The Dull Eyes of the Consumer

Martin Mackay has a problem. That problem is that he works on retail, and the customers he has to deal with can't tell their backsides from their elbows...


1. Just Listen!

The dull grey eyes in front of him looked like they were trying to spark into some sort of life. Martin could see a process at work, wheels turning as they sought to grasp the words he had just spoken. Martin held a faint hope in the pit of his soul that the man in front of him might actually, finally understand his point at the third time of asking.

"But, it's under warranty!" The man demonstrated in four words that he had not managed to comprehend Martin's point. He ran a hand through his thick brown hair and questioned in his mind whether or not to ask for the general manager. As a team leader he had the authority to tell customers when they were out of luck, but if they were going to waste his time like this he was going to get annoyed. Plus, five more minutes and he was on lunch. He wanted to go on time (for once).

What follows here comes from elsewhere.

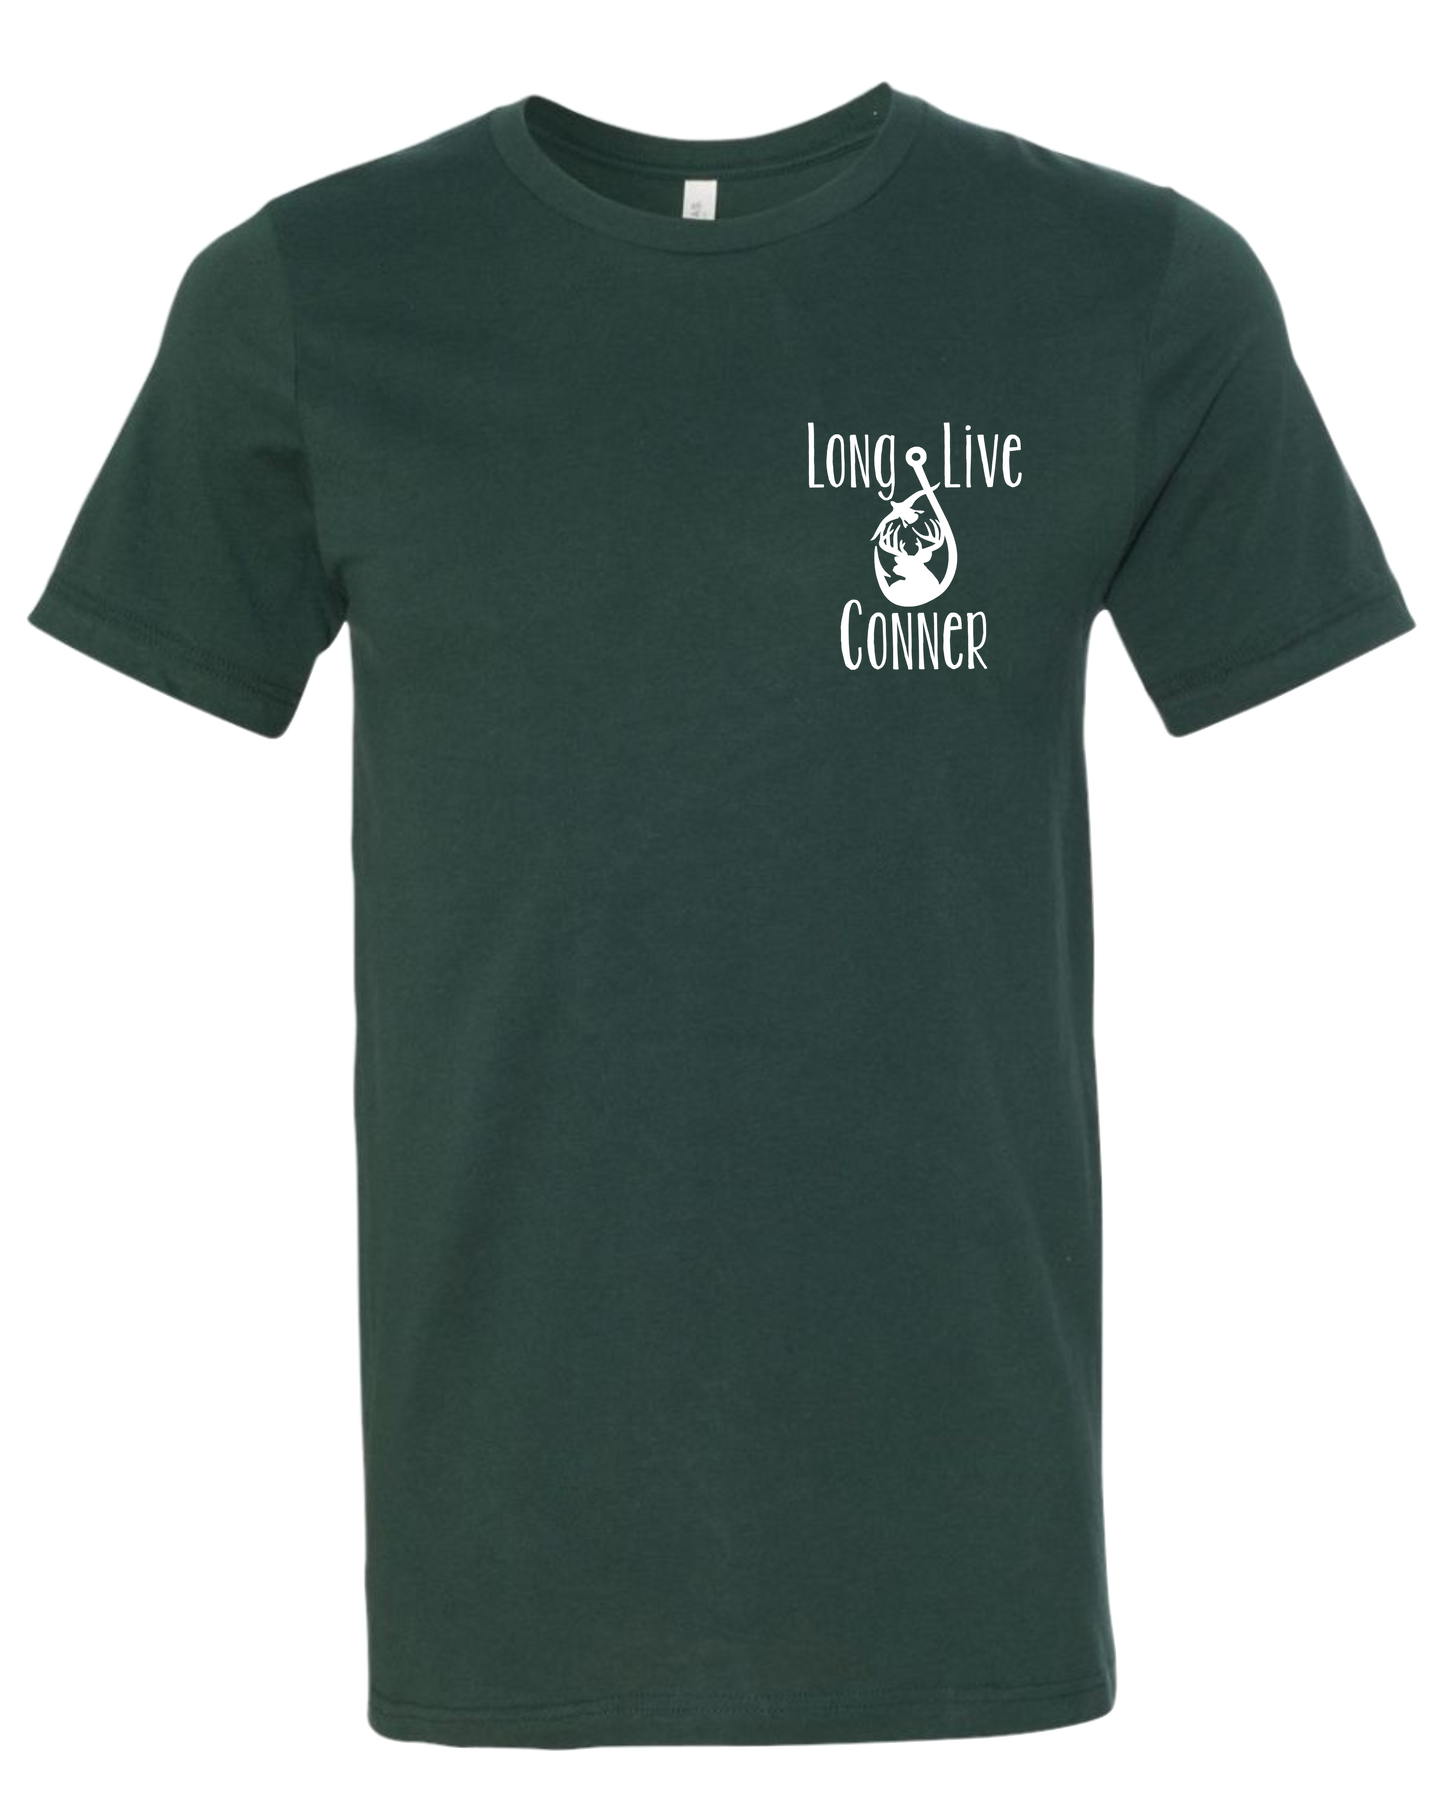 Long Live Conner - T-Shirt

One more try, one more desperate attempt to make the balding, somewhat sweaty man in front of him see sense, so they could both move on with their lives, and Martin could escape the man's stale body odour.

"Look, sir, the laptop you bought has a manufacturer's guarantee for parts and labour. If it dies of its own accord, regardless of where the fault lies, they will gladly collect it and fix it. If it gets broken as the result of accidental damage, or neglect, or gets a virus... that's not covered by their terms."

The laptop whirring away on the service desk was displaying an image that Martin knew for a fact was in fact virus-related. 'SECURE YOUR PC FROM VIRUSES USING MEGA-DEFENDER PRO' was not the sign of a legitimate anti-virus program. Mega-Defender Pro didn't exist, and anything that asked for credit card details before you could use your laptop for anything else... a big no-no.

The chances were the man had been using his laptop inappropriately in some way shape or form and this had landed himself in trouble. Unfortunately for him this wasn't Martin's problem.

"If I send this laptop back to the manufacturers as it stands, I can promise you they'll either not repair it and send it right back to us, or deal with the virus and charge you for the privilege. Your cheapest option is to purchase some anti-virus software and give that a try."

The bald man looked worried. Did he have a wife or girlfriend at home that would be seriously angry with him should he return home without a new laptop, or without having gotten the current one fixed? Did this hypothetical (very hypothetical) partner know what he'd done to get a virus in the first place?

"Look mate, I know my rights..." Oh goody, he knows his rights. Thinks he knows anyway... "and under the Sale of Goods Act..."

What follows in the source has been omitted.